Люди нередко принимают решения по следам некоего значительного события, хотя бы для того, чтобы показать, будто переменами в себе они управляют сами. Сначала Сорвил решил, что оставит произошедшее без внимания, отмахнется от слов Эскелеса — как будто грубостью можно сделать сказанное несказанным. Потом он решил, что лучше рассмеяться: смех — первейшее средство против любых глупостей. Но не смог собраться с духом, чтобы осуществить это решение.
Наконец, он решил подумать над мыслями Эскелеса, убедиться хотя бы, что они еще не возымели над ним власти. Какой вред просто подумать?

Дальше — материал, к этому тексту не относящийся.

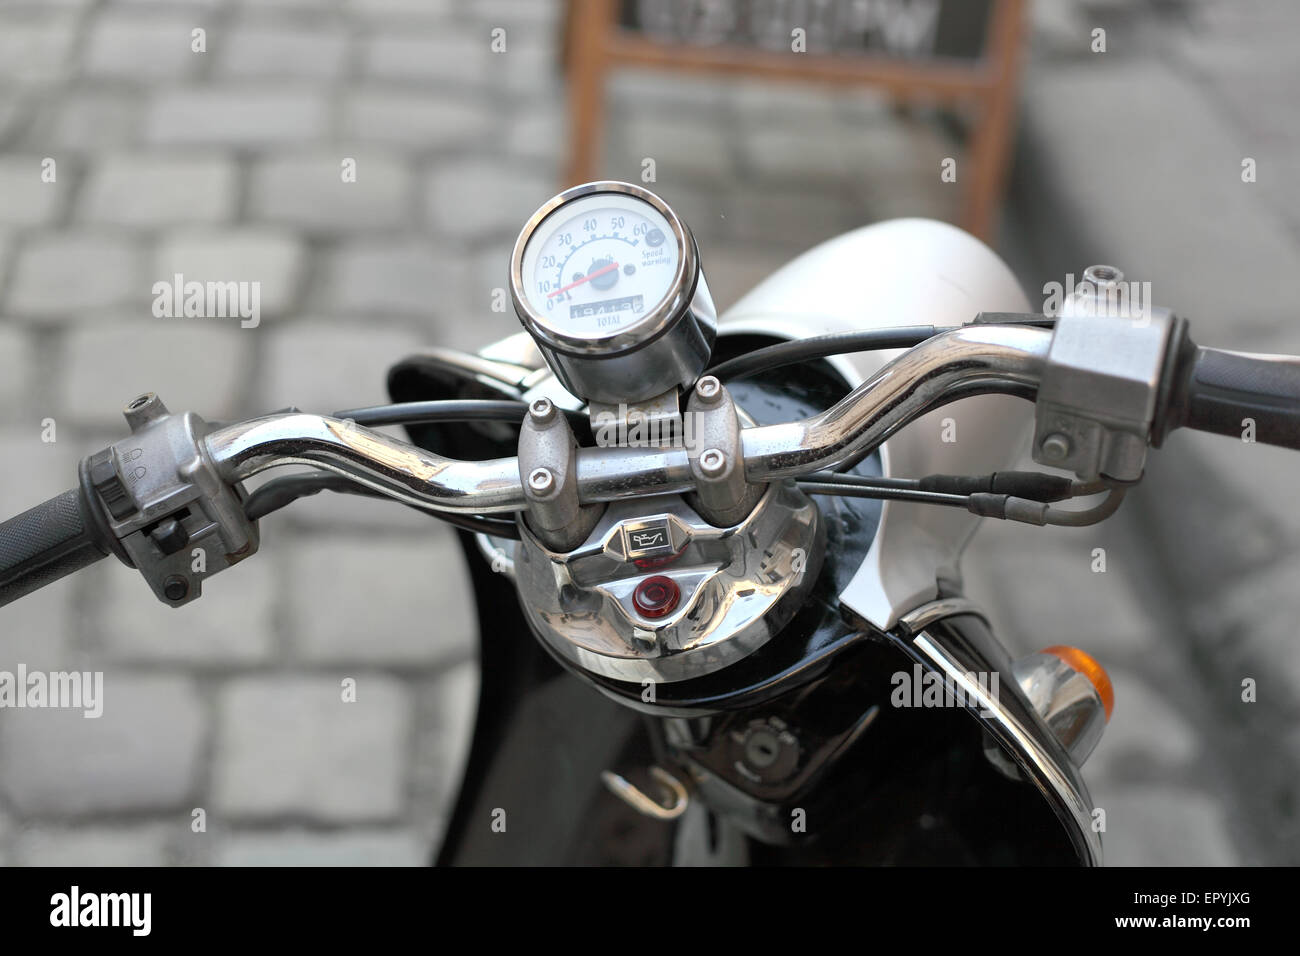 On a photo steering wheel motorcycle Stock Photo

Мальчишкой он большую часть своих уединенных игр провел в заброшенных уголках отцовского дворца, особенно в том месте, которое называлось «Заросший сад». Однажды, в поисках потерянной стрелы, он приметил в зарослях тутовника молодой тополь, выросший из прилетевшего откуда-то издалека семечка. Потом Сорвил время от времени проверял, жив ли тополек или погиб, наблюдал, как деревце медленно пробивается сквозь тень. Несколько раз он даже заползал на спине в поросшие мхом заросли и подносил лицо к черенку новорожденного, чтобы видеть, как он гнется, тянется вверх и наружу, туда, откуда манило солнце, просвечивавшее сквозь рябь листьев тутового дерева. Днями, неделями тополь стремился вверх, целеустремленно, словно разумное существо, тоненький от непосильного труда, силился добраться до теплой золотой полосы, которая протянулась к нему с неба, как рука. И наконец коснулся ее…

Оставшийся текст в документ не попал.